In my youth my life stretched out before me
An ocean of (moments) enticed me
Waves (lapped) my toes
The depths called to me
The currents carried me
From one (moment) to another
I danced on the ocean's flickering surface,
then caught in an undertow I was dragged down,
down to the depths of cold and darkness,
an eternity of night.
My life ebbed and flowed
Each wave dissolving a thin layer of time,
moments never to return.
Soon the ocean was replaced by a sea (I don't really get this line - aren't the ocaean and sea equivalent?
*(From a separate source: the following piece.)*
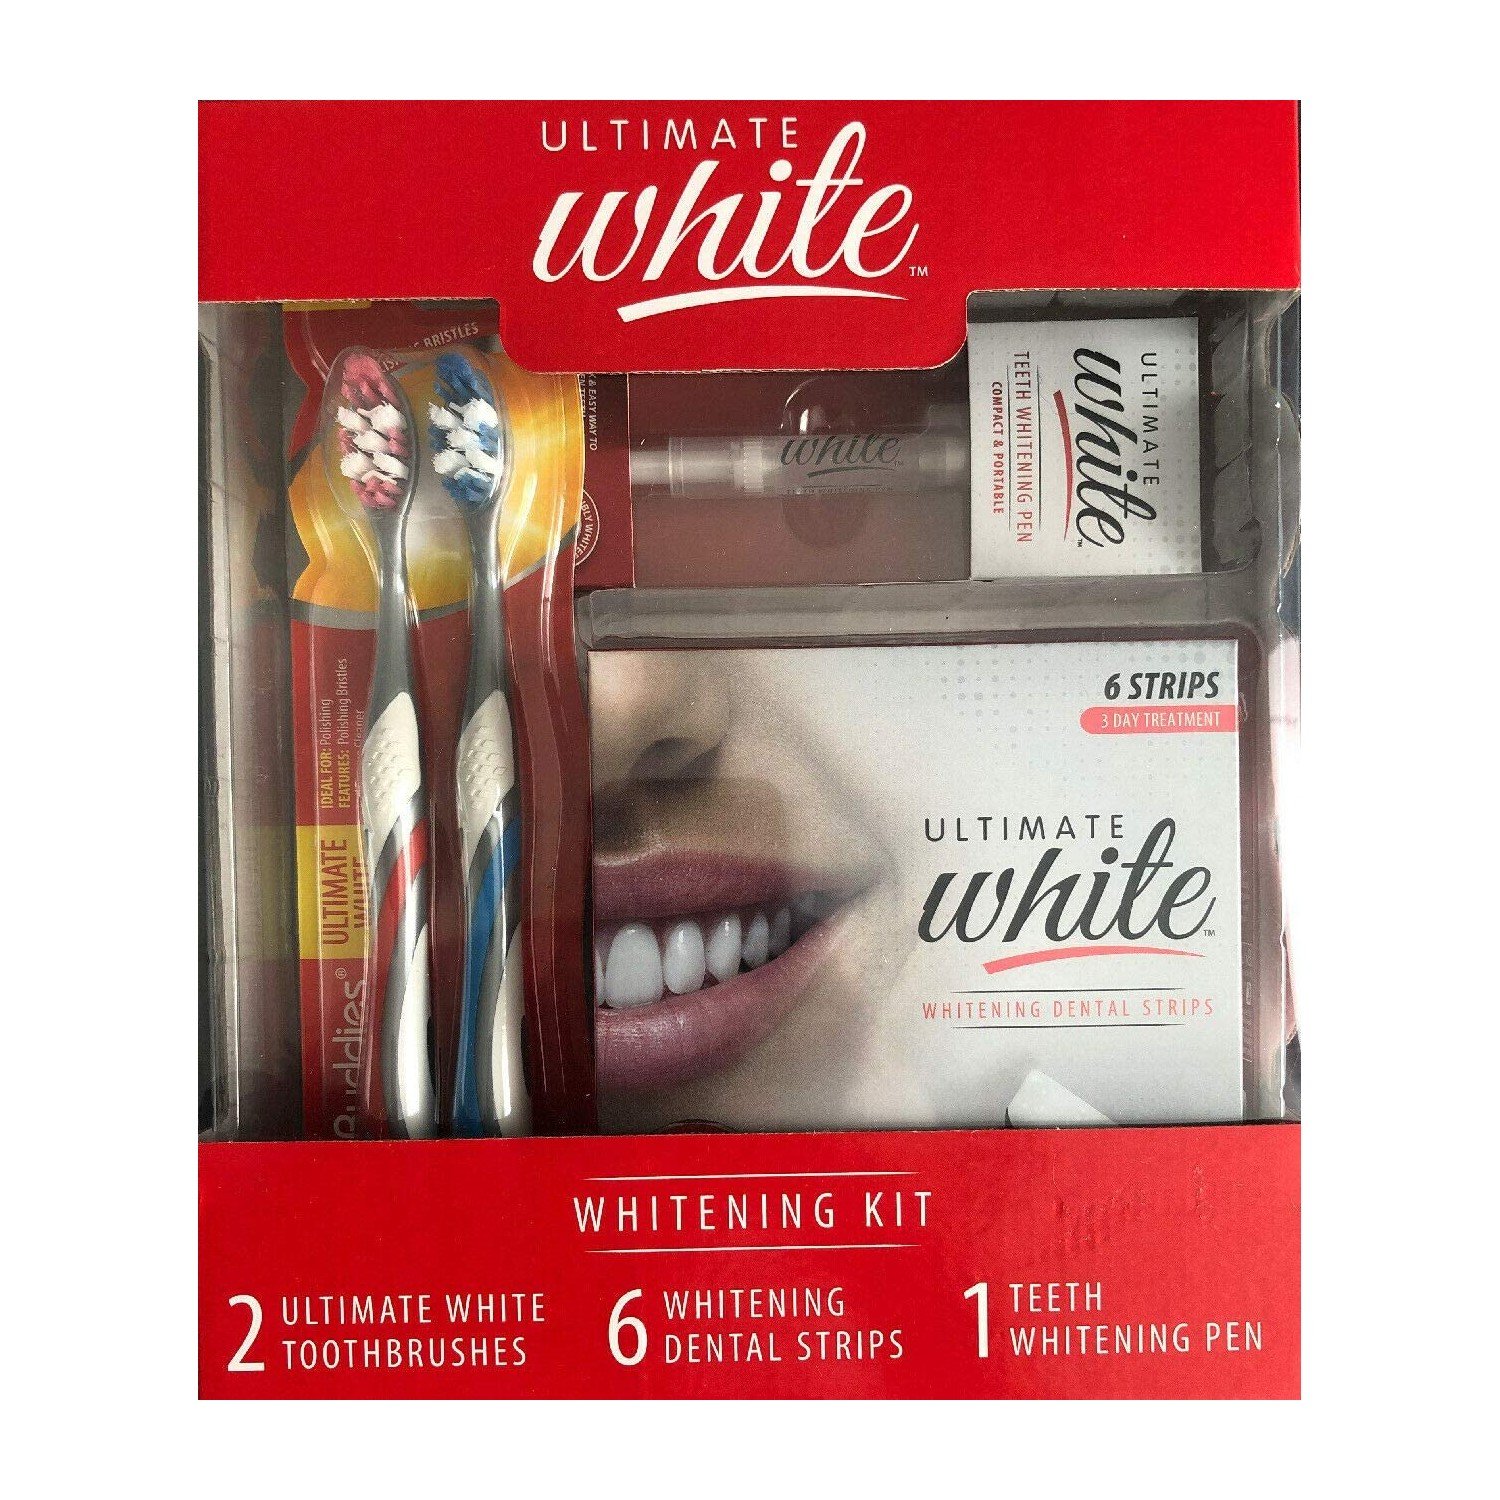 Ultimate White 9-Piece Whitening Kit Gift Set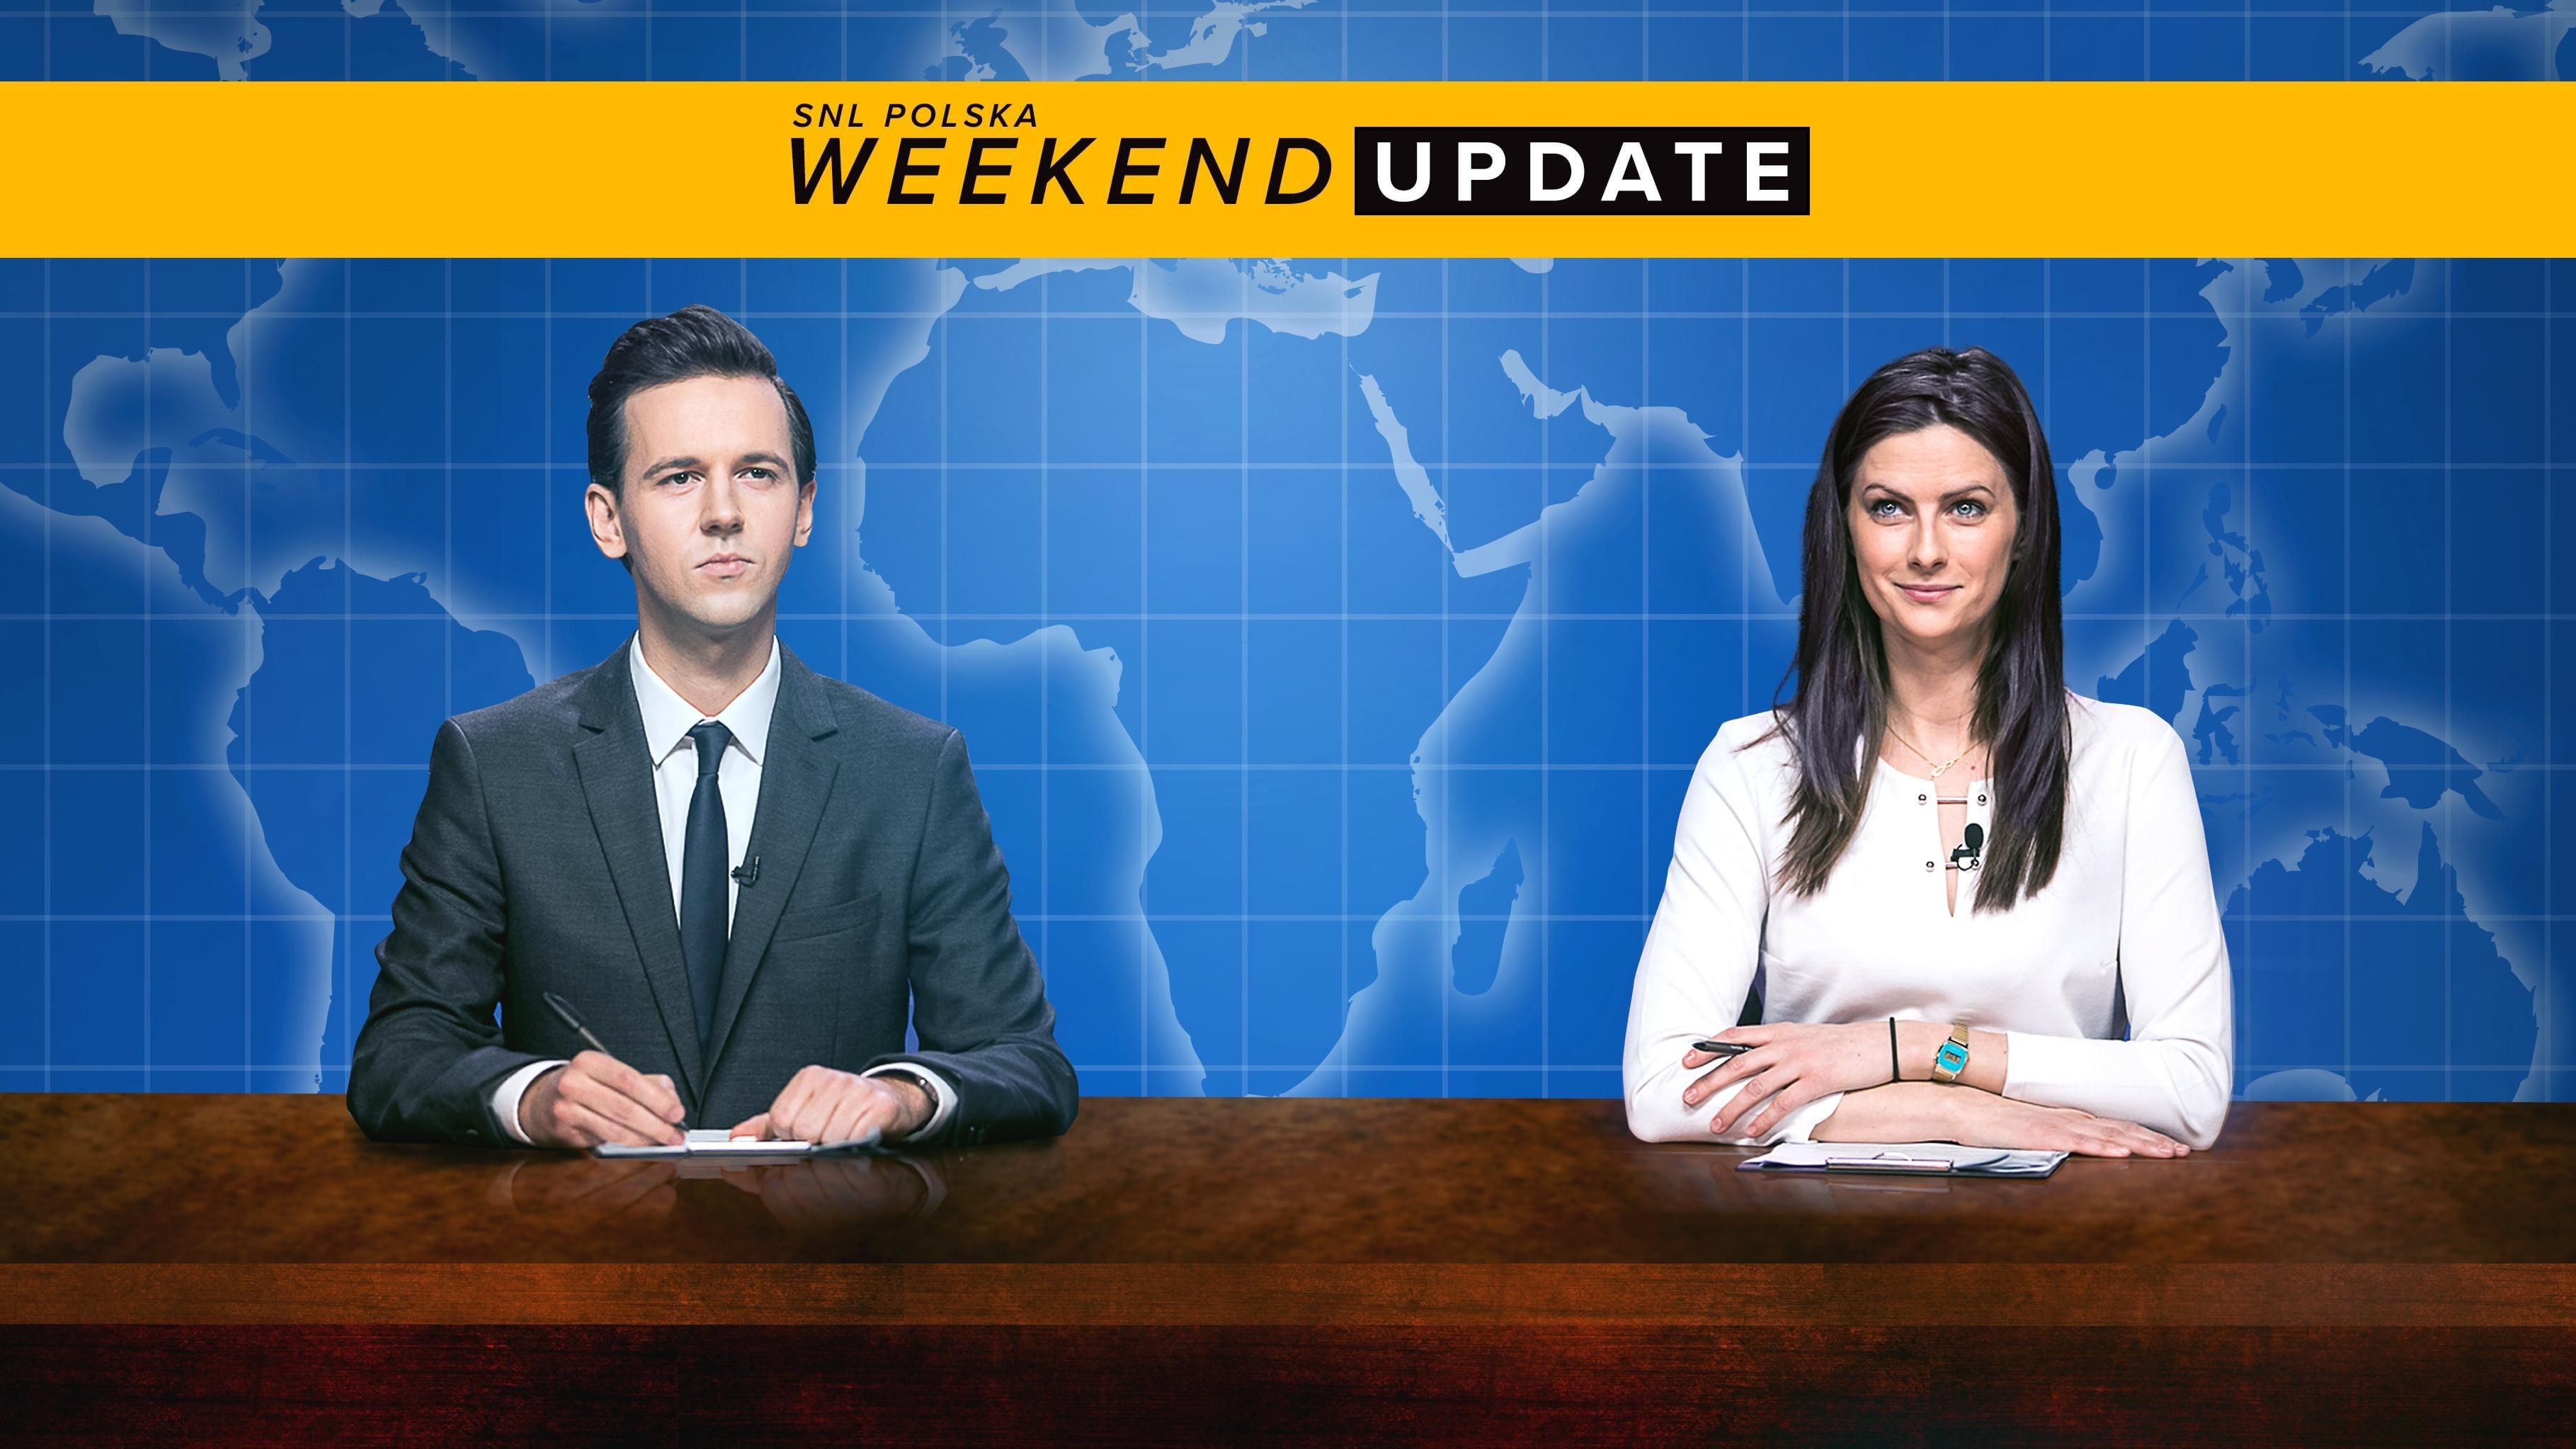 SNL Polska: Weekend Update backdrop

If you want to show your options or you courage dwindling, try something like this):
The ocean became a river,
the river, a lake,
the lake, a pool,
the pool, a puddle.
I return to the ocean's edge surrounded by memories
Trembling, yet yearning for the cool sweet bliss
That the ocean promises
My throat is dry and my eyes sore
I hesitate for I was once burnt by its coldness
Yet I yearn to dance again
So slowly I enter
Lest I (lose) sight of that which still holds my dreams
Slowly, carefully I let go.
I float.
And I wait. -
A slow descent into life's dreams. The metaphor holds up well. Great job.

-
-
Sock monkey
Thanks so much, I'm glad you liked it
Hugs
Jill/Cherry xx
-
-
Nice write, you handeled the list well. I feel too many poets when they use a list they overdo it. Yous is right on. Alittle dark but you show the light.


-
-
oldpoets
Thanks so much for you kind comments
Hugs
Jill/Cherry xxx
-
-
Emotional positive thoughts of growing up...living experiences waiting...take your time..they will all be there always...take it slow...just like your word relay...smart ..very smart..thanks for sharing
-
-
Freed by Mercy
Loved your detailed comments sweetheart, thanks so much for spending so much time and thought, guess you have my full reply where I explain some of my choices
Thanks again and God Bless
Jill/Cherry xxx -
Street Alchemist
Thanks so much.
I'm so pleased that you read and liked my poem.
Hugs
Jill/cherry xxx -
pruedence
You have it really in a nutshell I have been through a lot just as most people have but I always try to have hope for the future
Thanks for reading and commenting
hugs
Jill/cherry xxx
-
-
this is very good poem, complex and deep with variety of suddle meaning that can be pulled from the write. Best of you luck to you in the contest.